A lot of those babies are born in California. Of the approximately four million babies born in the US every year, 550,000 of them, more than one-eighth of all new American-born children, pop out in California. 

“We have more births in California typically than France, Italy and Spain,” said Dr. James Byrne, State Program Services Committee Chair for March of Dimes in California. More than 54,000 of those births are premature. 

In the U.S., preterm births are increasing for many reasons: Women are having more scheduled C-sections and inductions before the baby is ready. Chronic diseases such as hypertension and obesity can lead to pregnancy complications, as can smoking and drug abuse. And, Byrne says, some women, particularly low-income women, don't have access to adequate prenatal care that could help prevent or postpone a preterm birth.

Getting the right intervention at the right time could dramatically reduce prematurity rates and improve outcomes for babies born early, says Dr. Byrne. For example, administering steroids to a mom who goes into labor early can help the baby’s lungs develop better so he can breathe more easily at birth.

“A preterm child that has received antenatal steroids has half the rate of death compared to one who didn’t get it, far fewer complications, infections, brain bleeding...” Byrne says. “This is such an opportunity for improvement that’s not being used frequently enough.”

Babies are typically born between 37 and 42 weeks of gestation, with the official “due date” usually falling 40 weeks after conception. There’s a big national push now to encourage docs and moms to wait until at least 39 weeks before scheduling childbirth. There’s also a move to redefine “term” pregnancy so decisions aren’t made to bring a baby into the world before he or she is ready.
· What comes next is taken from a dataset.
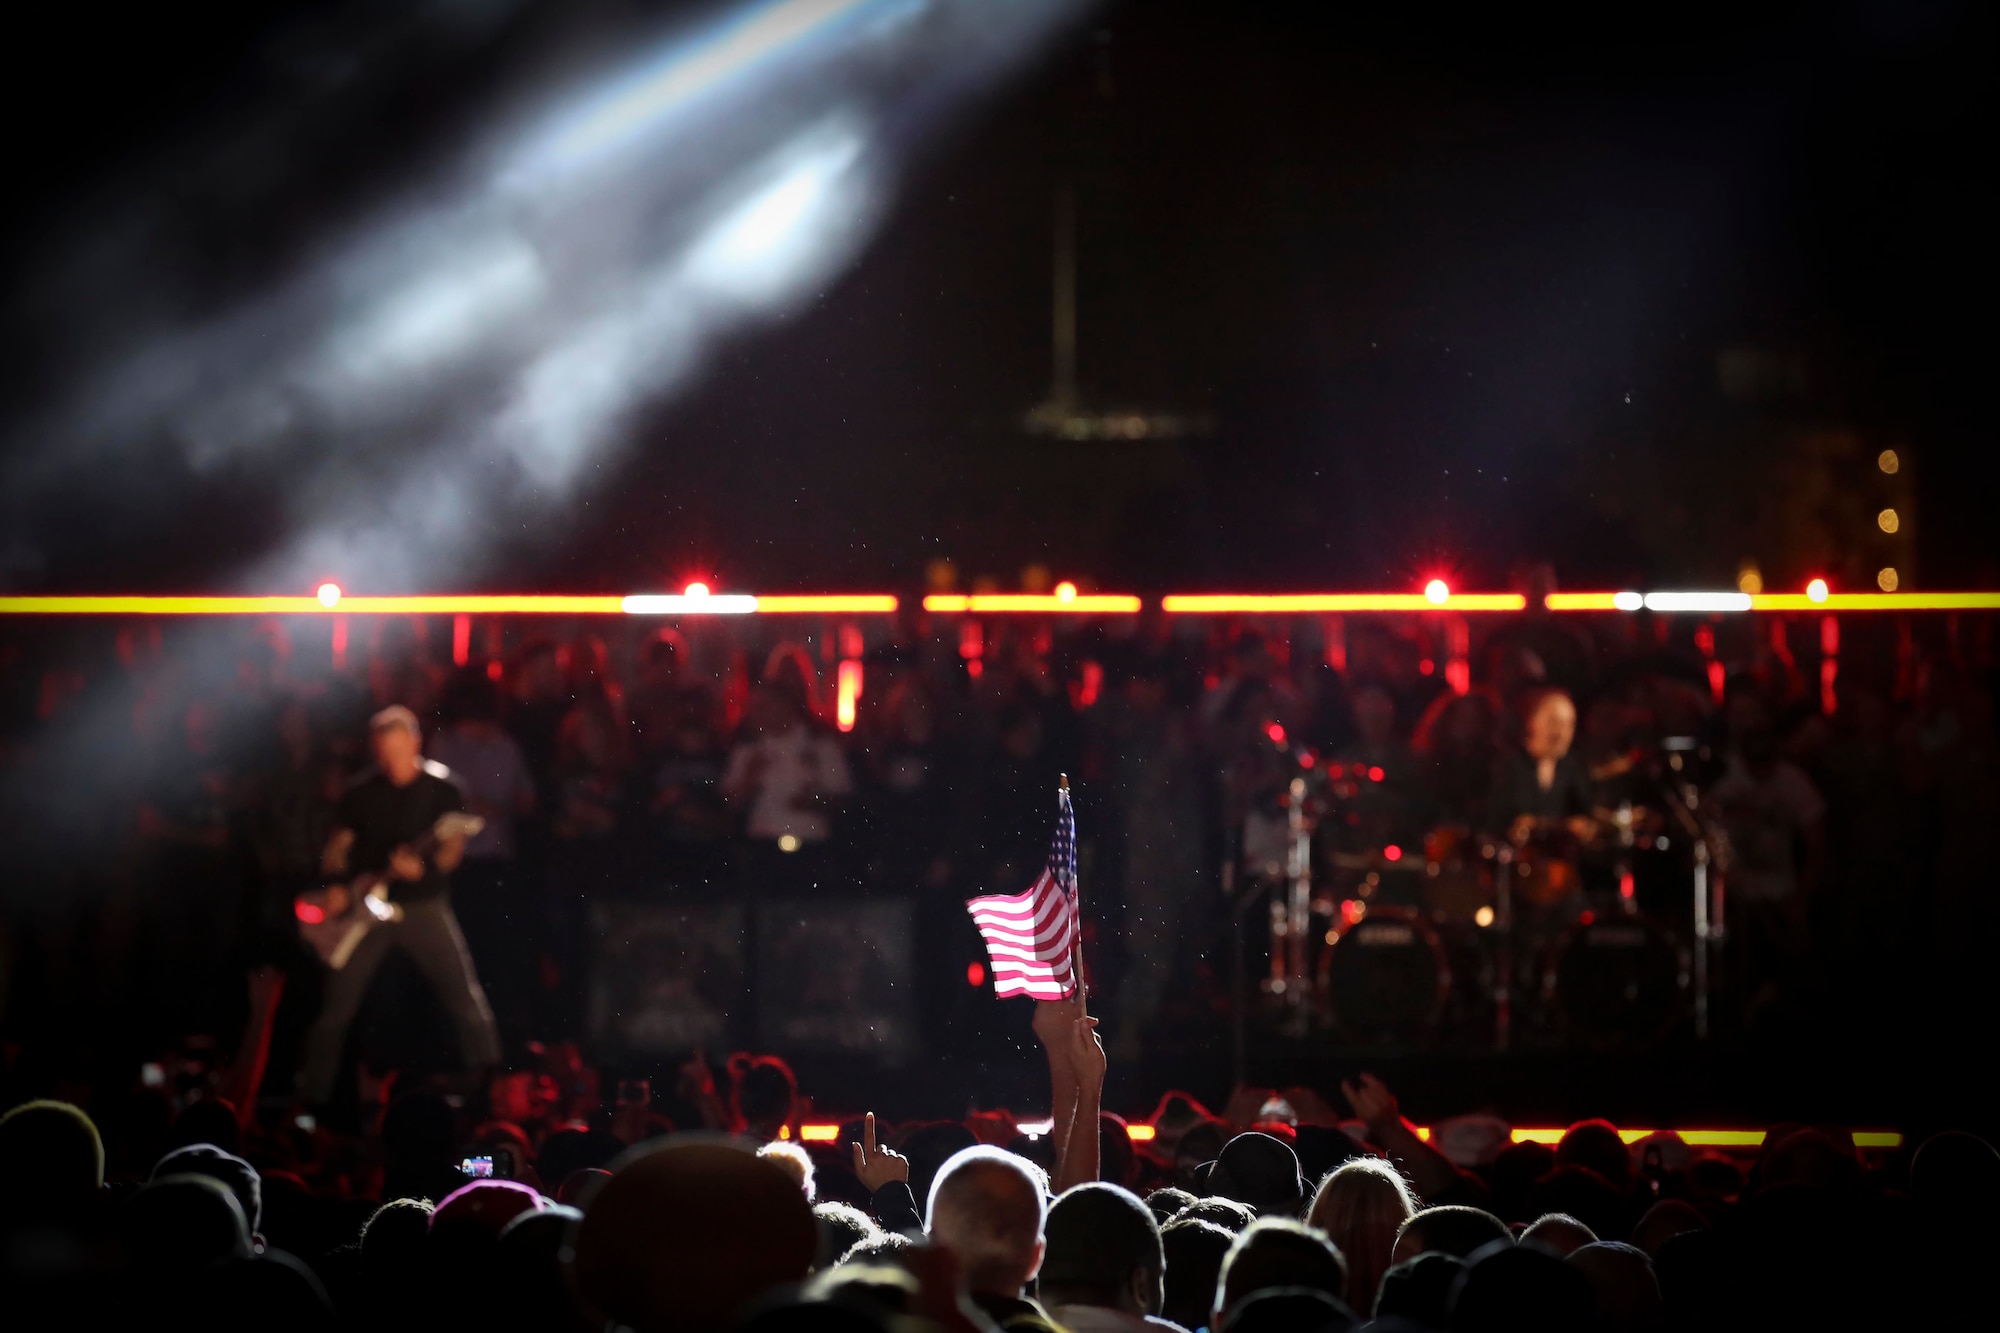 A miniature American flag catches the spotlight during Metallica's performance at "The Concert for Valor" on The National Mall, Tuesday, Nov. 11, 2014. (U.S. Air National Guard photo by 1st Lt. Nathan Wallin)

Despite our relatively bad grade in preterm births, U.S. preemies have a much higher rate of survival than their third-world counterparts.

In recent years, California has been a leader in reducing the number of births scheduled early for no medical reason. In partnership with the California Maternal Quality Care Collaborative, for example, the California March of Dimes created a toolkit to educate providers and patients about the importance of waiting at least 39 weeks before inducing labor without a medical reason.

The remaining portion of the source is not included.